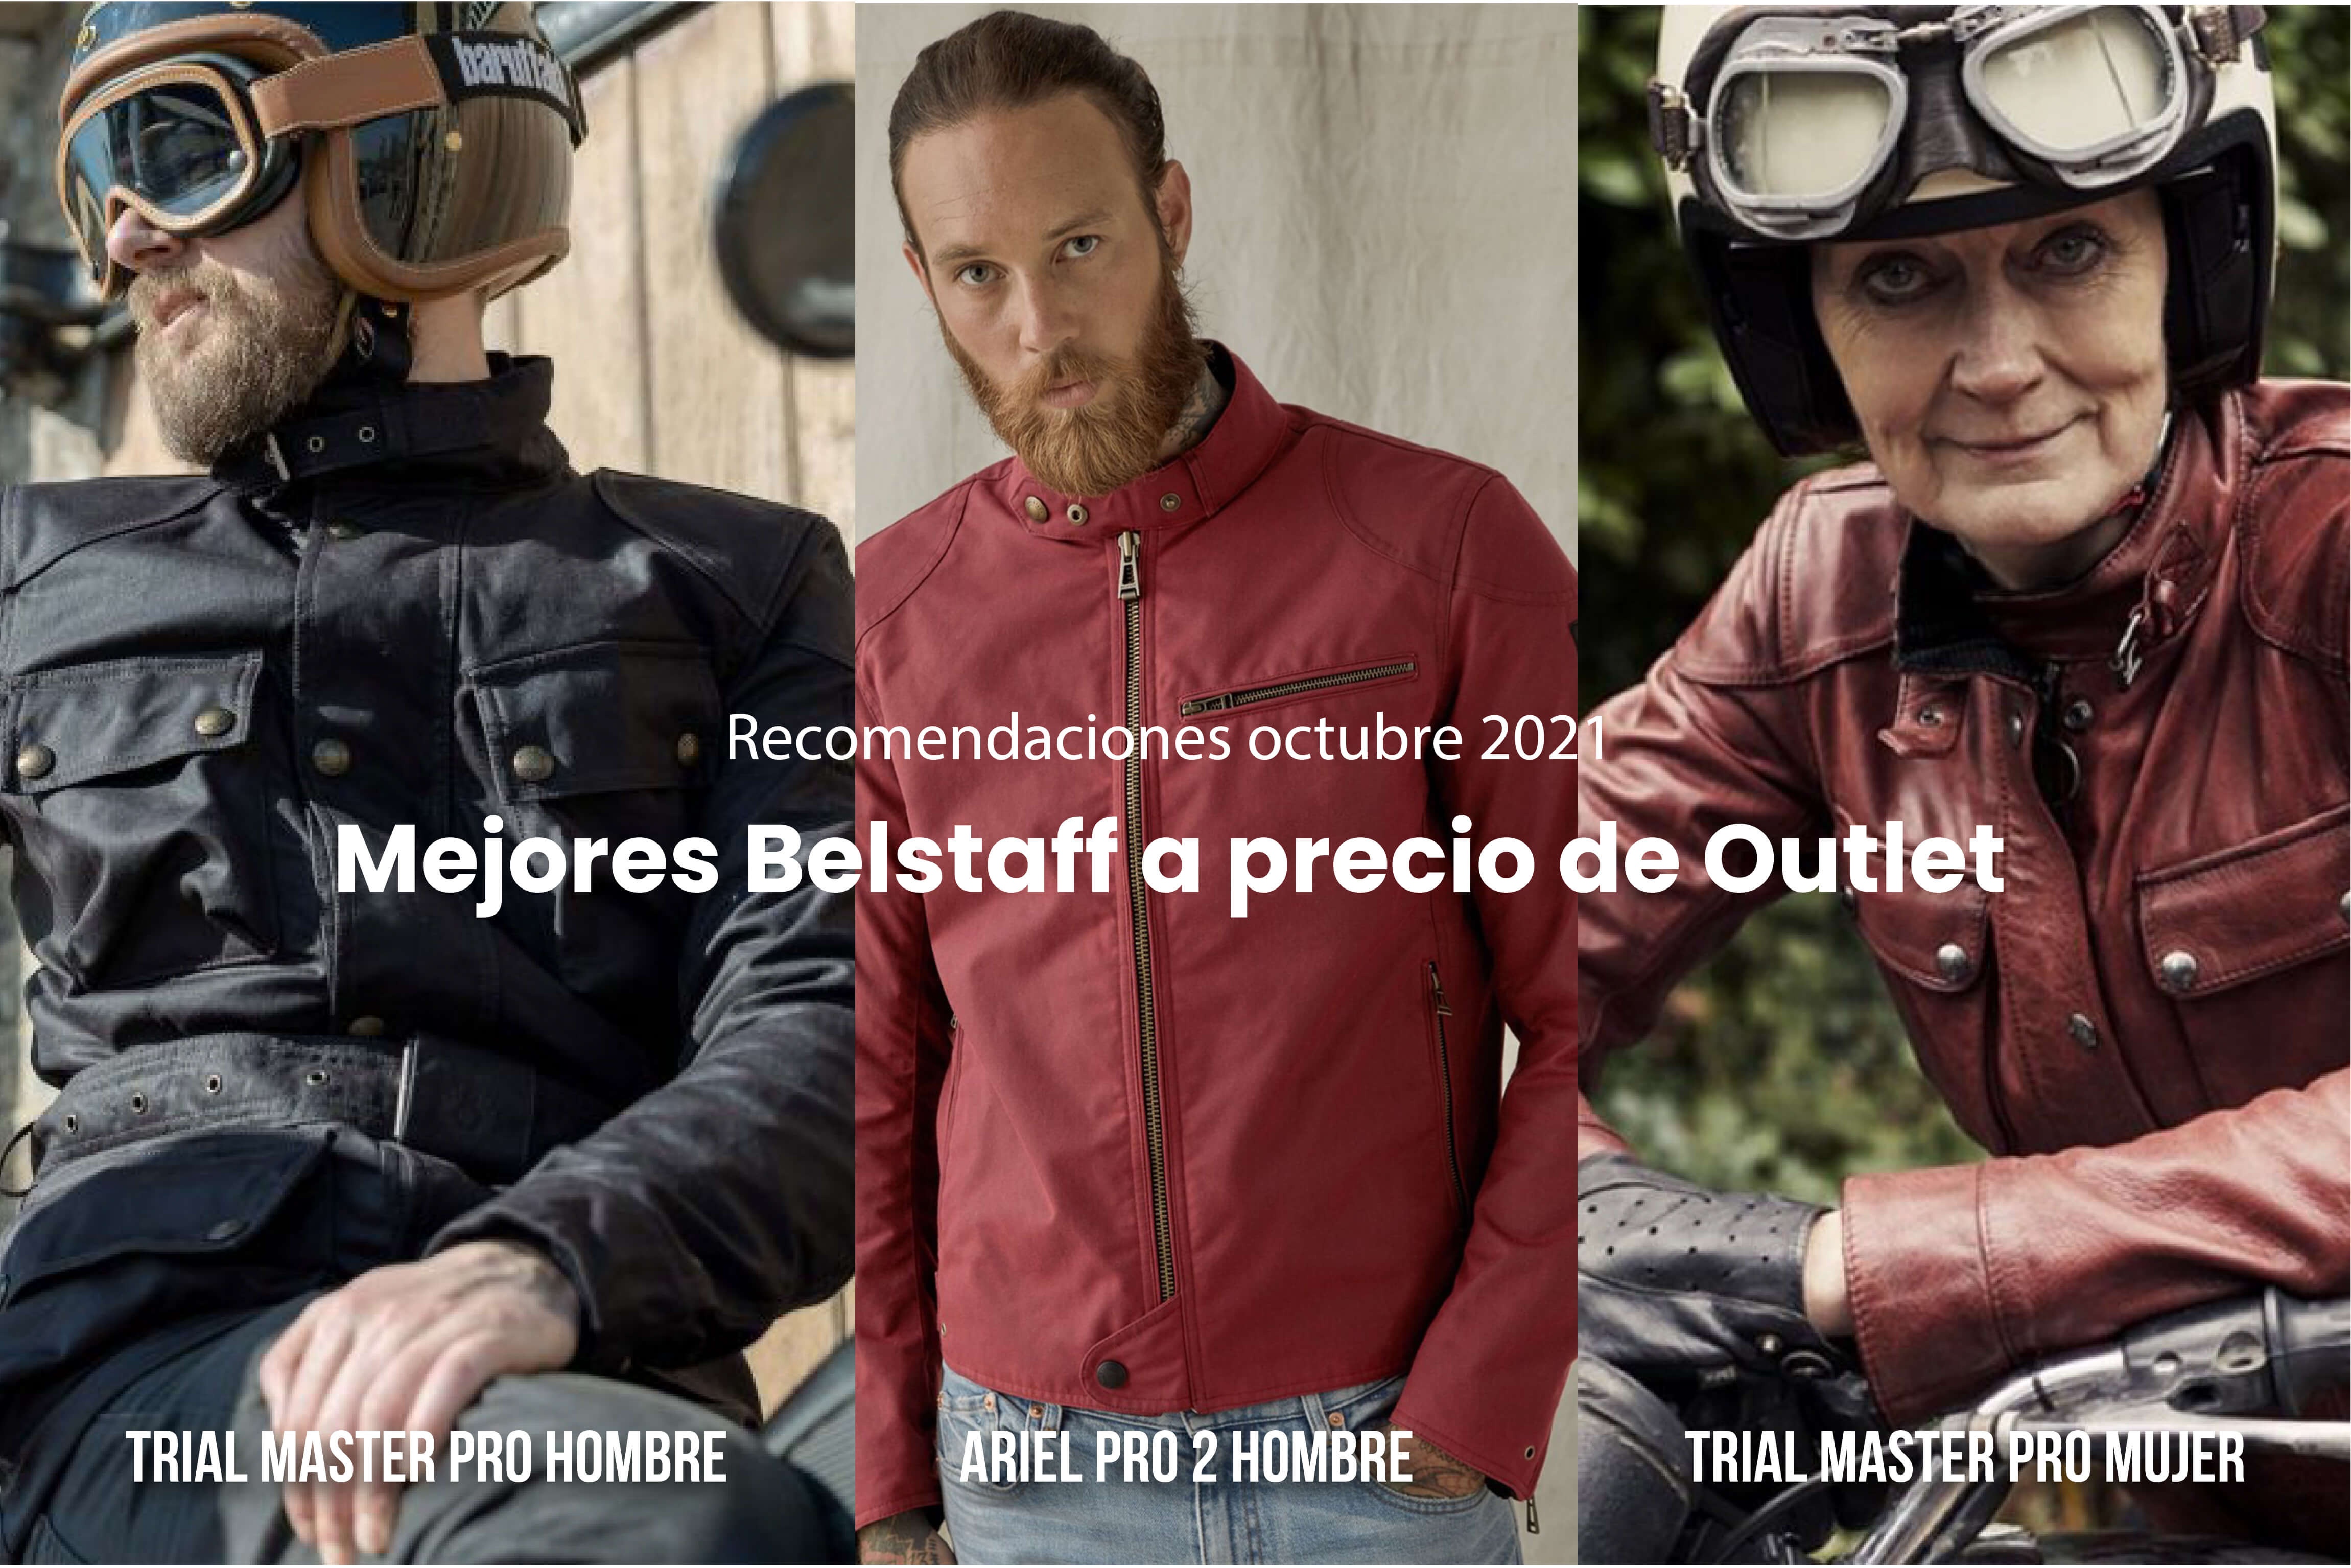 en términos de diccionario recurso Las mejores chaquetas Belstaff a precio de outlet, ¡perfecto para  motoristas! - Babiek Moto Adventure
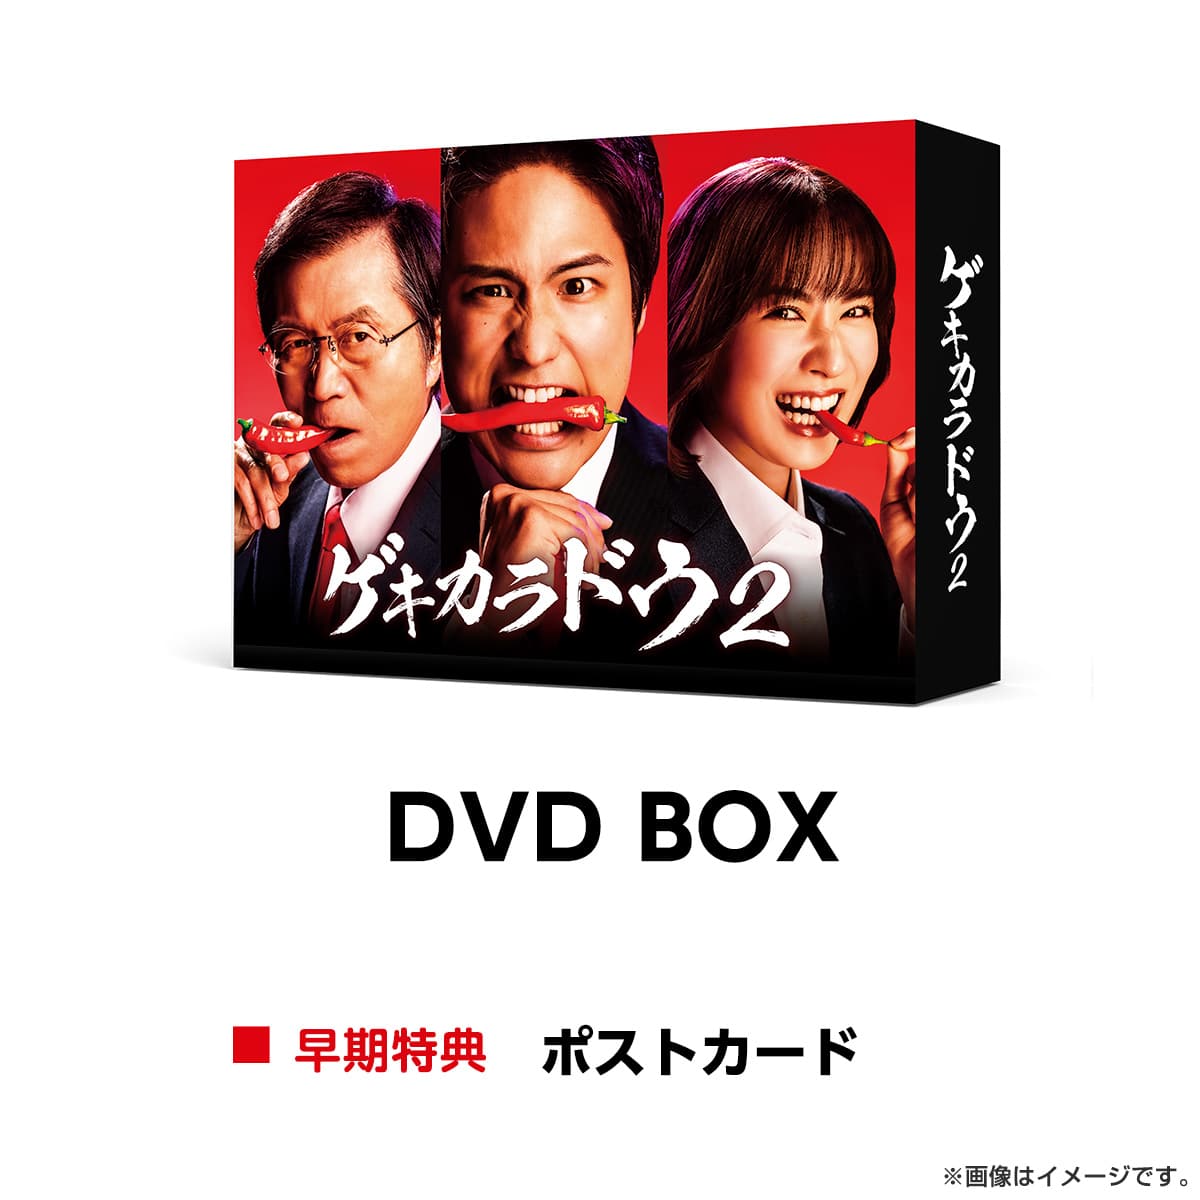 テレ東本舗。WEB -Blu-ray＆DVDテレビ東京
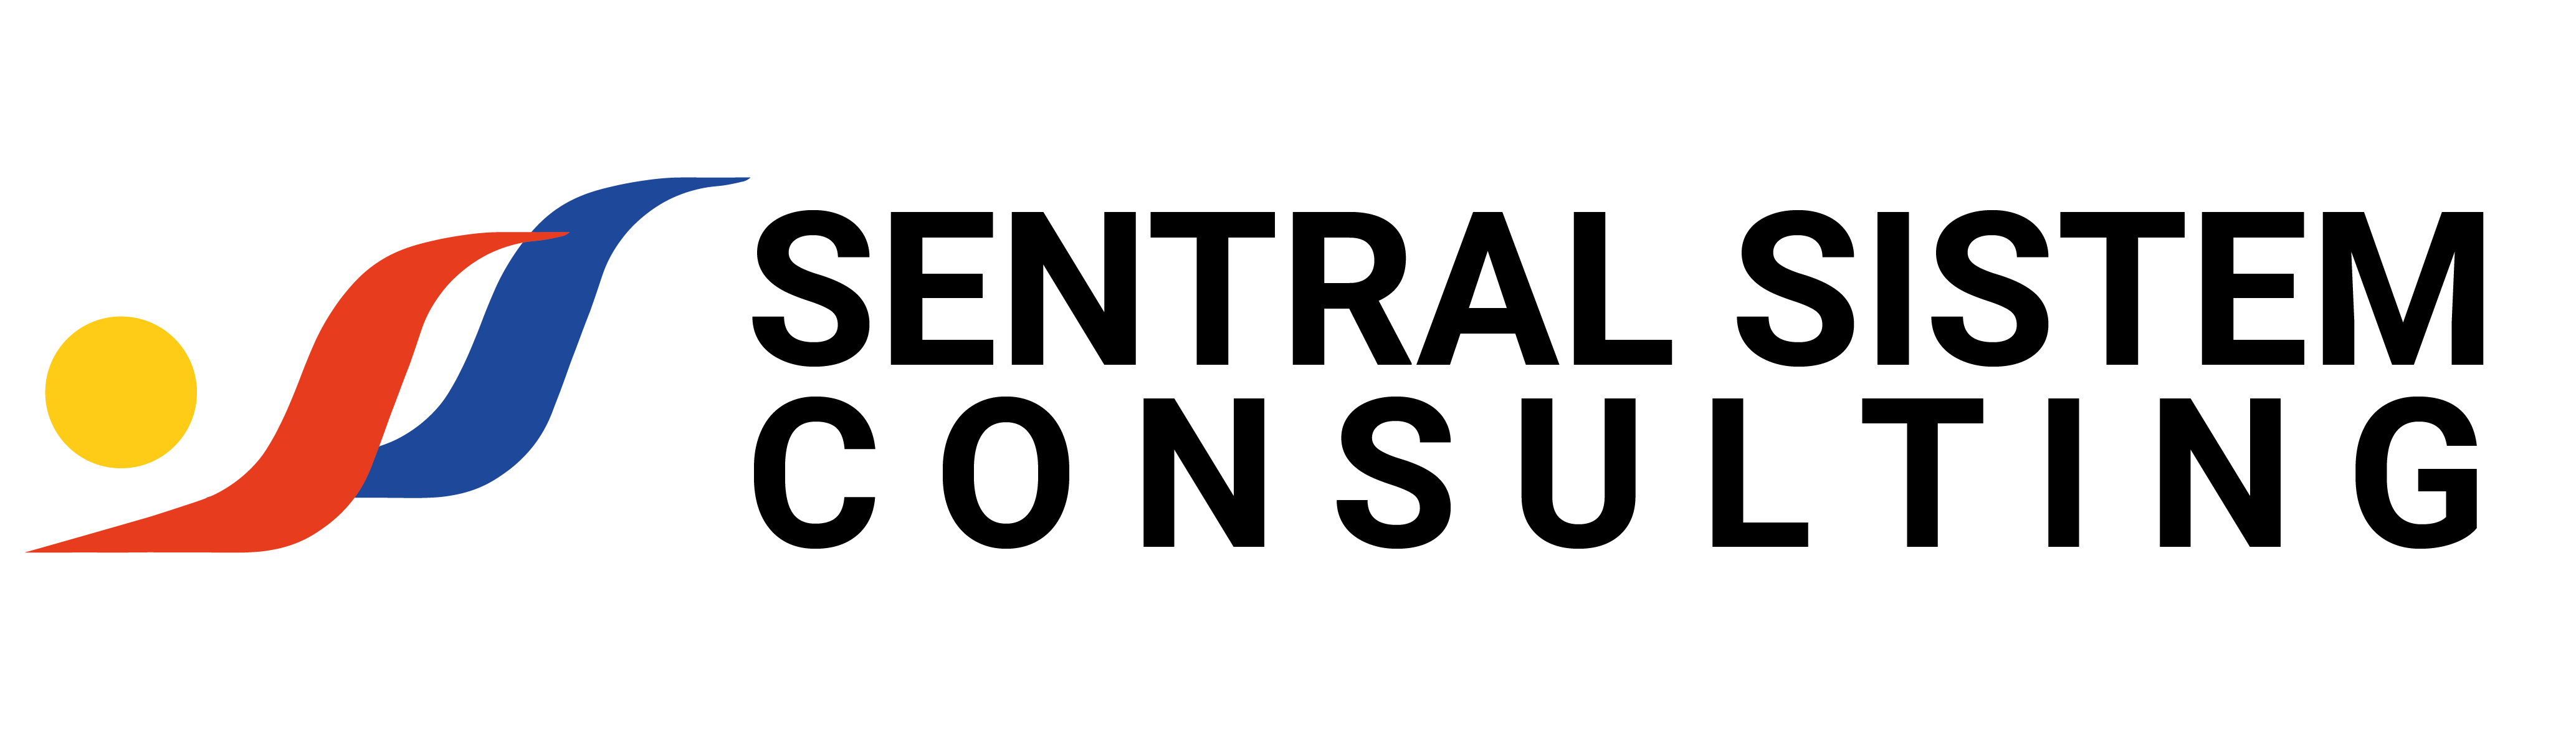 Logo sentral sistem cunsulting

◇ ◇ ◇ ◇ ◇

What is needed:
Every line of the data above should be repeated exactly. Omit the pictures.

Answer area:
 en términos de diccionario recurso Las mejores chaquetas Belstaff a precio de outlet, ¡perfecto para  motoristas! - Babiek Moto Adventure
 テレ東本舗。WEB -Blu-ray＆DVDテレビ東京
 Logo sentral sistem cunsulting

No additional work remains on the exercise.